Congrats bro! I have heard nothing but good things about the winters!


----------



## Grindspine (Apr 28, 2014)

jc986 said:


> I haven't had a lot of time with the Black Winter thus far, but it is an excellent fit for my SL2H. The clean tones are fantastic. There is a lot of low end, more than both the JB and the Custom, but it is still very clear and tight. The highs and mids are pretty even, and not overly bright or harsh. Note separation is great when playing chords, and single notes are very present and thick. I currently have my SL2H tuned to Drop C and there is no issue at all holding up to that tuning. It feels like it would hold up lower than that without an issue.
> 
> I still have the SD '59 in the neck, and the Black Winter pairs well with it. I'm tempted to try the Black Winter neck pickup as well (mainly because I like the pickups to match, and the font difference kind of bugs me). I really like the '59 though, and haven't seen a lot of talk about the Black Winter neck pickup.
> 
> I'll make some clips soon and post an update to this thread when I do.


 
The Black Winter neck has some great, balanced clean tones from the samples that I have heard. Personally, I have always found the 59 neck to be a little muddy and dull, the Jazz too. The BW neck is a ceramic mag pup, so it is a bit tighter sounding with tones of clarity, but it is not overly bright or brittle.

The Black Winter set sounds great overall. I am sticking with my Distortion trembucker in my main six string, but the Black Winters had me mighty tempted.


----------



## 3trv5u (Apr 28, 2014)

Nice man! I have heard the neck version is also an amazing pickup. I can't wait for getting a set of Black Winters installed in my guitar.



robski92 said:


> Can't wait to hear it! I've been thinking about throwing these in my ibanez, but I am not sure how they would sound in basswood.

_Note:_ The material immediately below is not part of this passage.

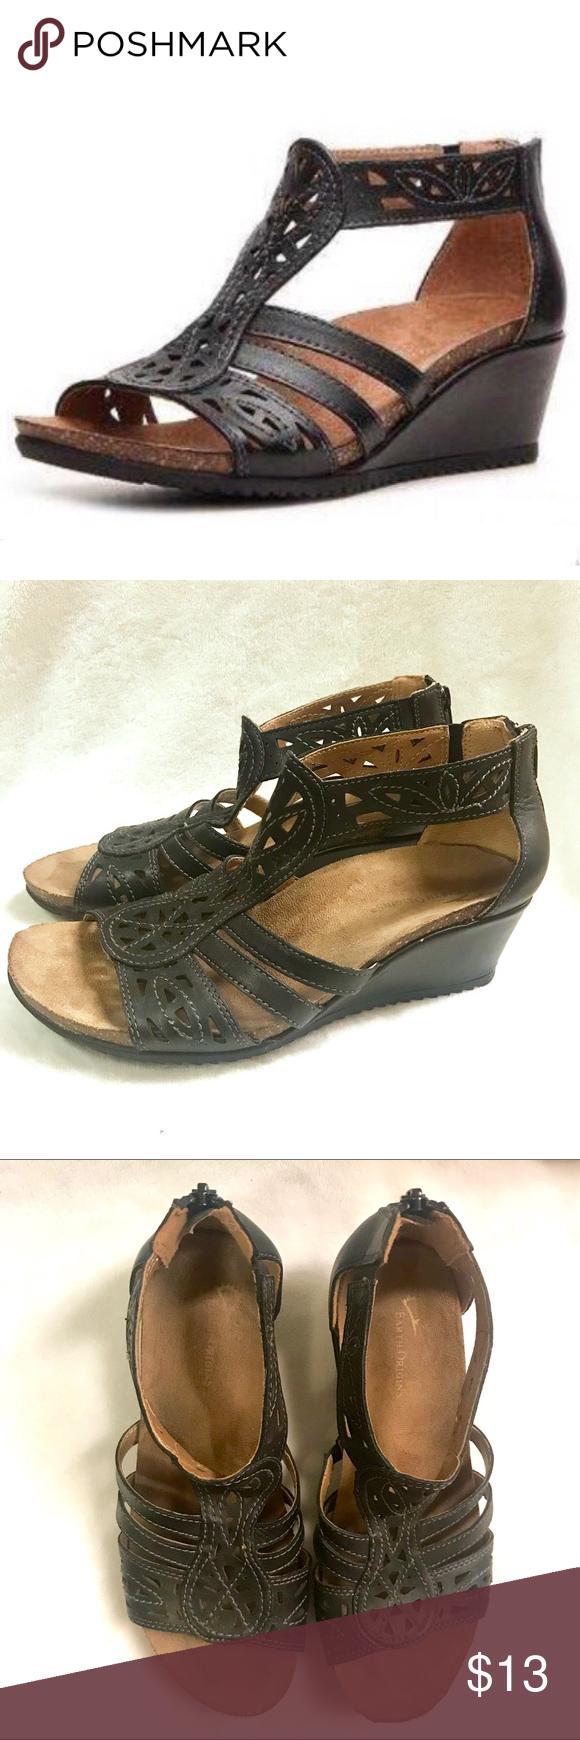 9cc85cfab71 Earth Origins Gladiator Sandals size 8 Earth Origins Kingsley Gladiator  Sandals size 8 Run true to

They seem to fit perfectly into a basswood axe, do it


----------



## cwhitey2 (Apr 28, 2014)

I have been seriously thinking about throwing these in my SA2020


----------



## Chrisjd (Apr 28, 2014)

I've heard these black winters are similar to the duncan distortion. Is that a true statement?


----------



## robski92 (Apr 28, 2014)

> They seem to fit perfectly into a basswood axe, do it



I saw the tone chart on SD's website said they had 6/6/6 (how fitting ) for B/M/T so I agree with you on that for sure!


----------



## 3trv5u (Apr 28, 2014)

Chrisjd said:


> I've heard these black winters are similar to the duncan distortion. Is that a true statement?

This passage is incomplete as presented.